Так это нас растревожило.

– Что же, – говорю Луше, – плакать? Слезами не поможешь…

Но ведь мать, и притом женщина! А господин Кузнецов мне сказал:

– Ваш сын скоро получит известность!..

Пошел наутро в ресторан, а мне и говорят:

– В газетах про тебя пропечатали, что твой сын убег, и про обыск.

И показывают. Так я и ахнул. А там все! И мое имя-отчество, и фамилия, и в каком я ресторане – все. А это наш жилец Кузнецов прописал.

И вдруг мне Игнатий Елисеич и объявляет:

– Штросс распорядился тебя уволить. Ступай в контору. Я тебя не могу к делу допустить.

Сперва и не понял я.

– Как так уволить? За что про что?

– За что, за что? Приказал, и больше ничего.

Так руки у меня и опустились. Я к Штроссу в кабинет. Допустил. Сидит в кресле и кофе ложечкой мешает.

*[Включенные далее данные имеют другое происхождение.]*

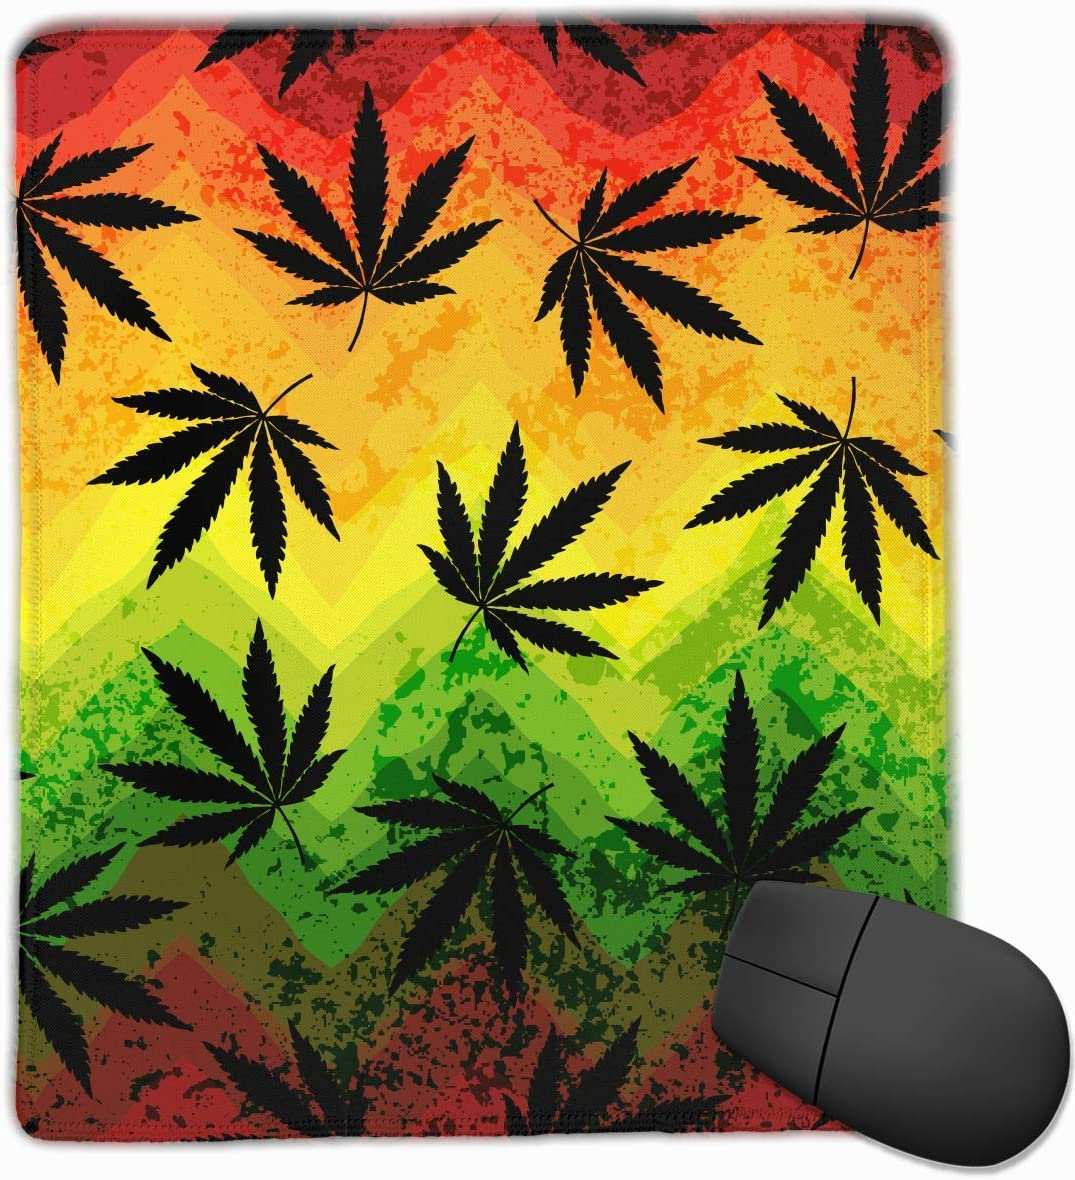 Hoja de Marihuana Rasta Colores Rectángulo Antideslizante Goma Mousepad Accesorios para computadora 18 x 22 CM

– Да, – говорит, – что делать! Нельзя тебе больше у нас служить.

И на лицо мне смотрит.

– Мы подвержены… Уж раньше требование было, а я тебя держал, а теперь все известно, и про наш ресторан… Ничего не могу.

– Густав Карлыч, – говорю, – за что же? Я двадцать третий год верой и правдой… интерес ваш соблюдал.

Поплакал я даже в кабинете. А он встал и заходил:

– Я ничего не могу! И хороший ты слуга, а не могу. Вот что могу – сделаю…

Взял со стола трубку телефонную – с конторой – и приказал:

– Выдать Скороходову пособие семьдесят пять рублей и залог!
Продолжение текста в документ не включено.